8-iso-PGF concentrations in urine were measured using the same EIA kit. Samples were prepared prior to the assay using a purification protocol recommended by the manufacturer 17. Briefly, the pH of the urine was adjusted to ∼4.0 with 0.1 M HCl and a 0.5 mL aliquot of urine was extracted in duplicate on a SPE C-18 cartridge (Alltech, Casalecchio di Reno, Italy), previously rinsed with 5 mL of methanol followed by 5 mL of UltraPure water (water purified with a Milli Q device (Millipore, Vimodrone, Italy)). The columns were then washed with 5 mL of UltraPure water, 5 mL of hexane and allowed to dry. The 8-iso-PGF was eluted with 5 mL ethyl acetate containing 1% methanol. The eluate underwent silica gel chromatography carried out with a solution of chloroform/methanol/acetic acid/water (80:18:1:0.8 v/v). 8-iso-PGF was eluted with 4 mL ethanol, dried at 37°C under a nitrogen stream and reconstituted with EIA buffer.
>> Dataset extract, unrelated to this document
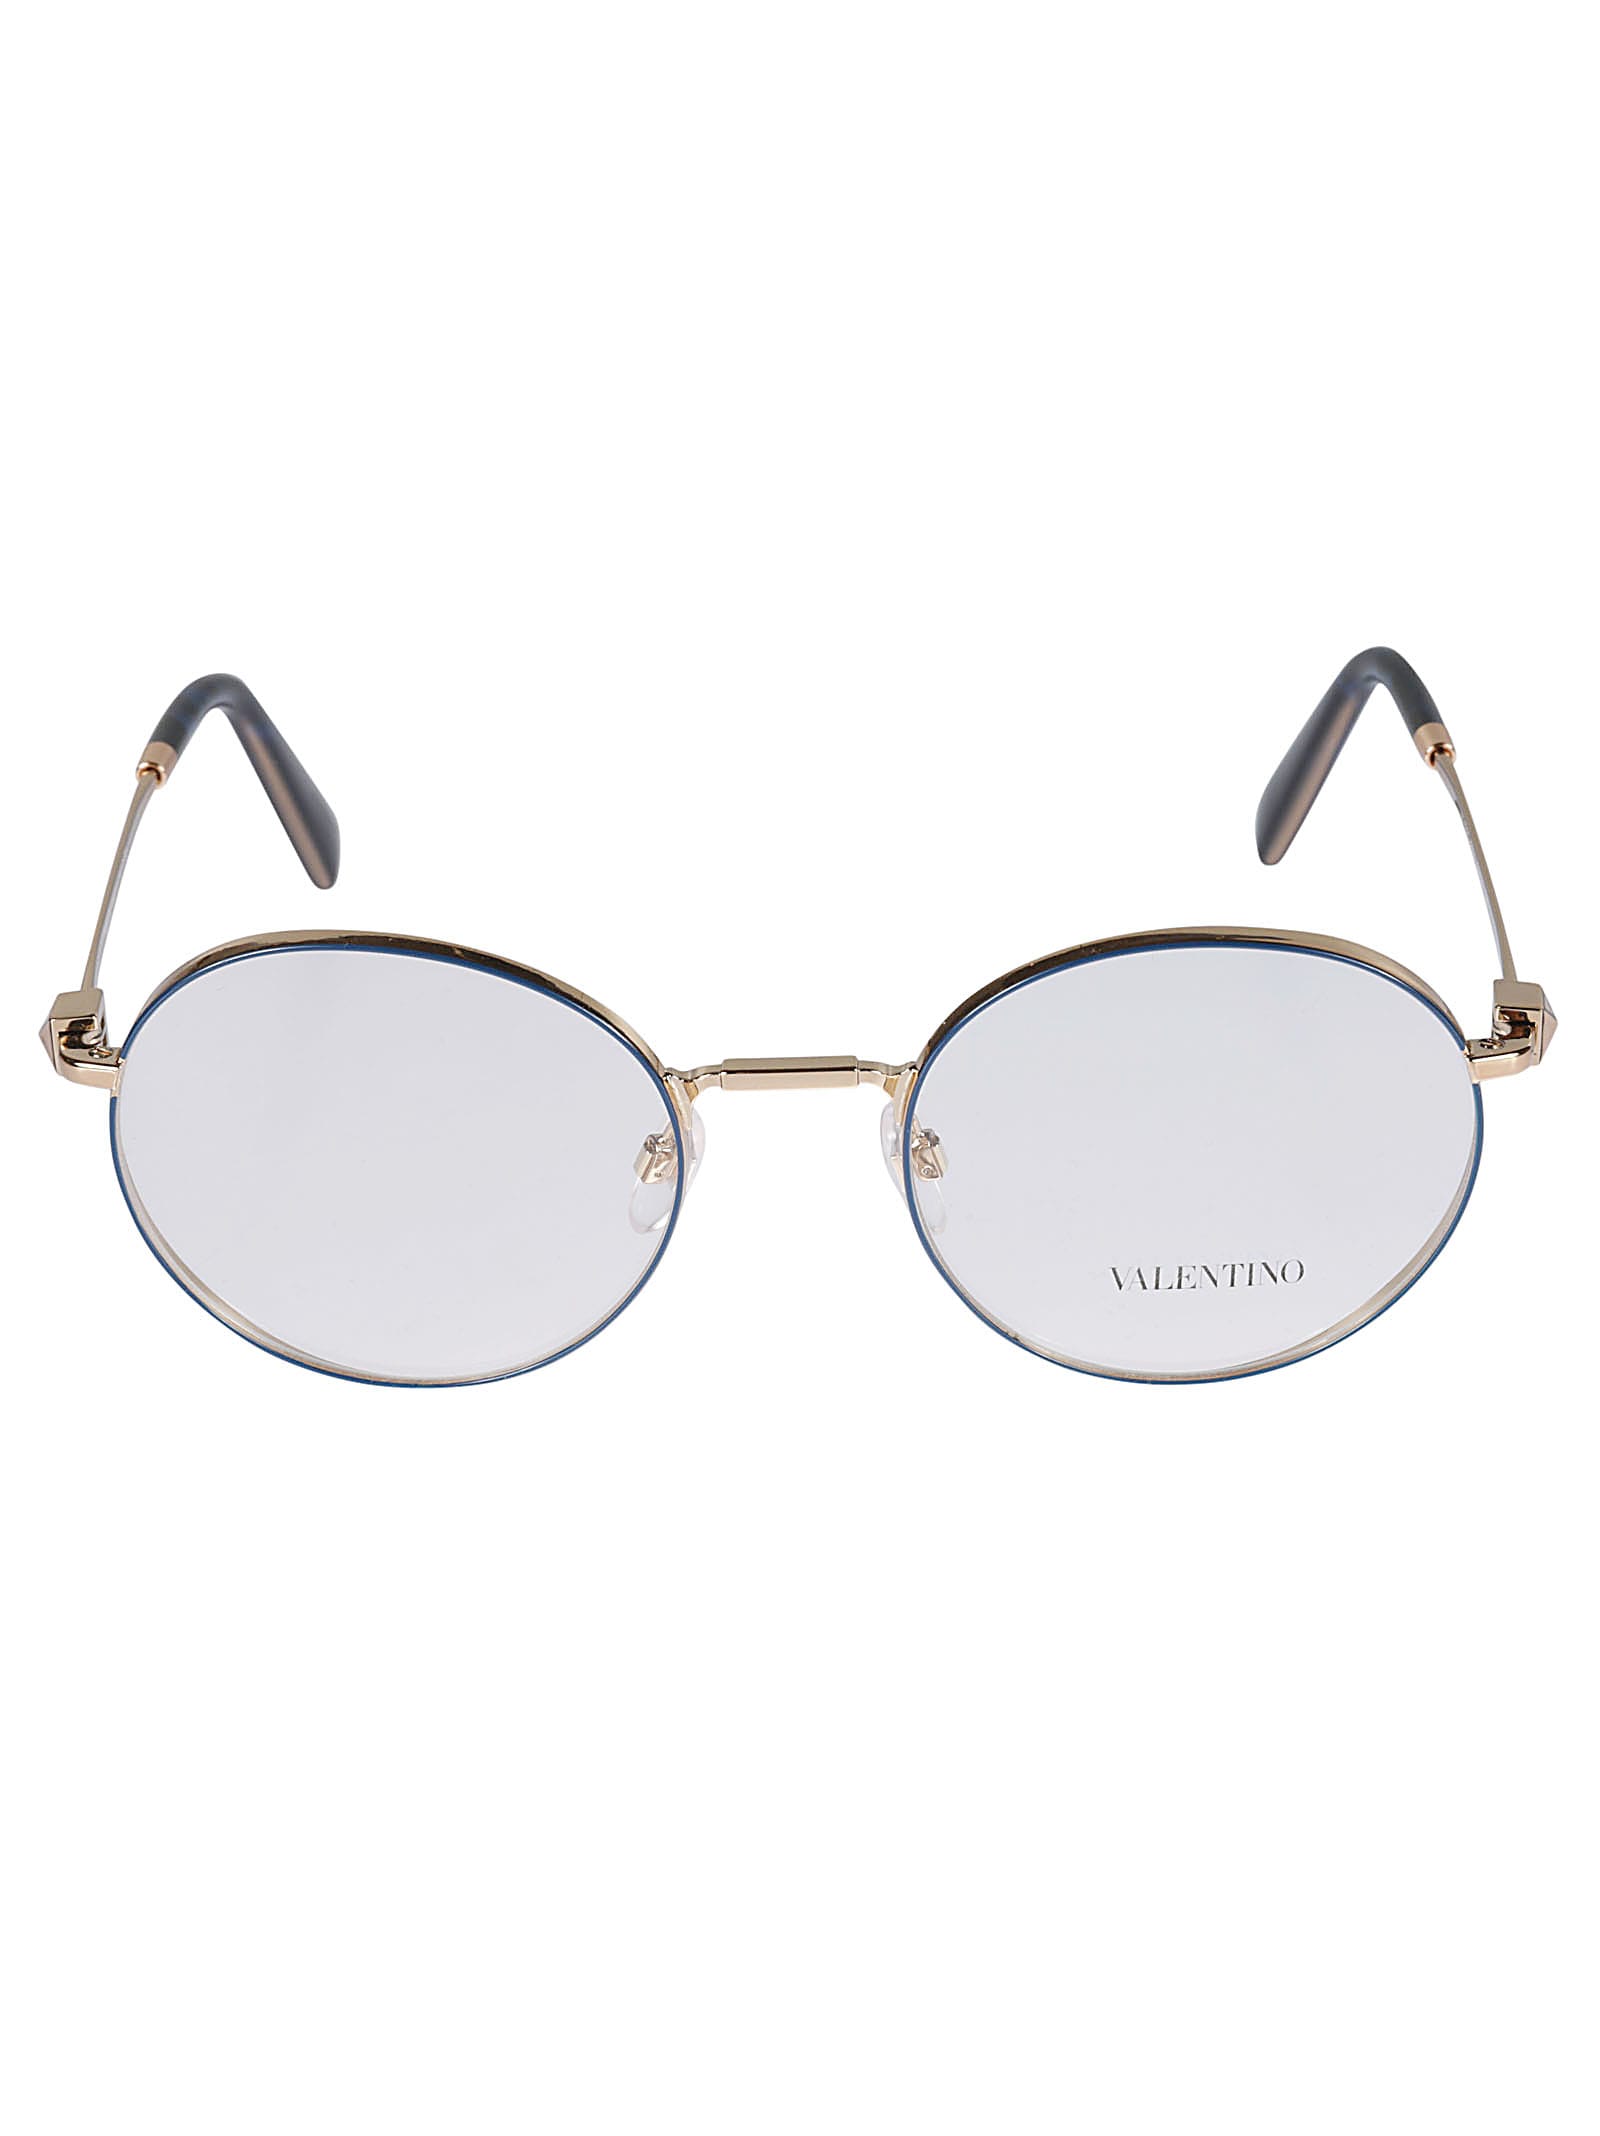 Valentino Vista3031 Glasses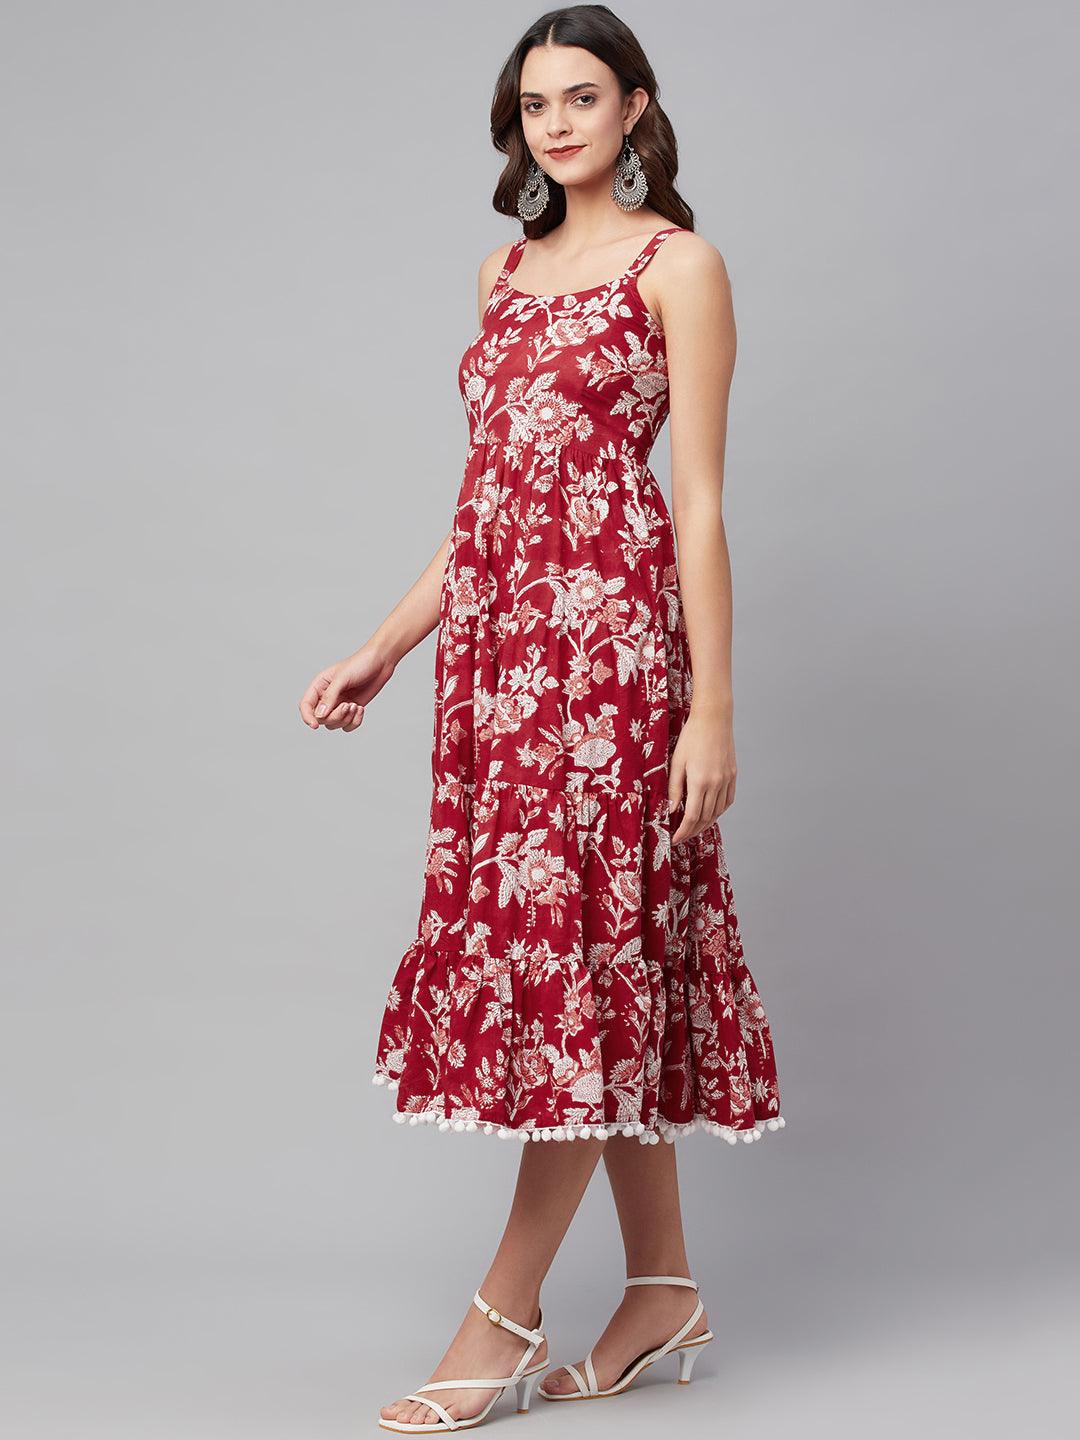 Divena Red Floral Printed Shoulder Strap Long dress - divena world

The antiserum used in the EIA has 100% cross-reactivity with 8-isoprostane and 20.6%, 4.00%, 1.84% and 1.70% respectively with PGF, 2,3-dinor-PGF2α, PGE and 2,3-dinor-PGF PGE1, as declared by the manufacturer. The lowest detection limit of the assay was 3.9 pg·mL−1. 8-iso-PGF concentrations were expressed in pg·mL−1 for EBC and in ng·mmol−1 creatinine for urine samples. Creatinine urine concentrations were measured with the SPOTCHEM II Creatinine Reagent Strip in the SPOTCHEM Analyser (A. Menarini Diagnostics, Firenze, Italy).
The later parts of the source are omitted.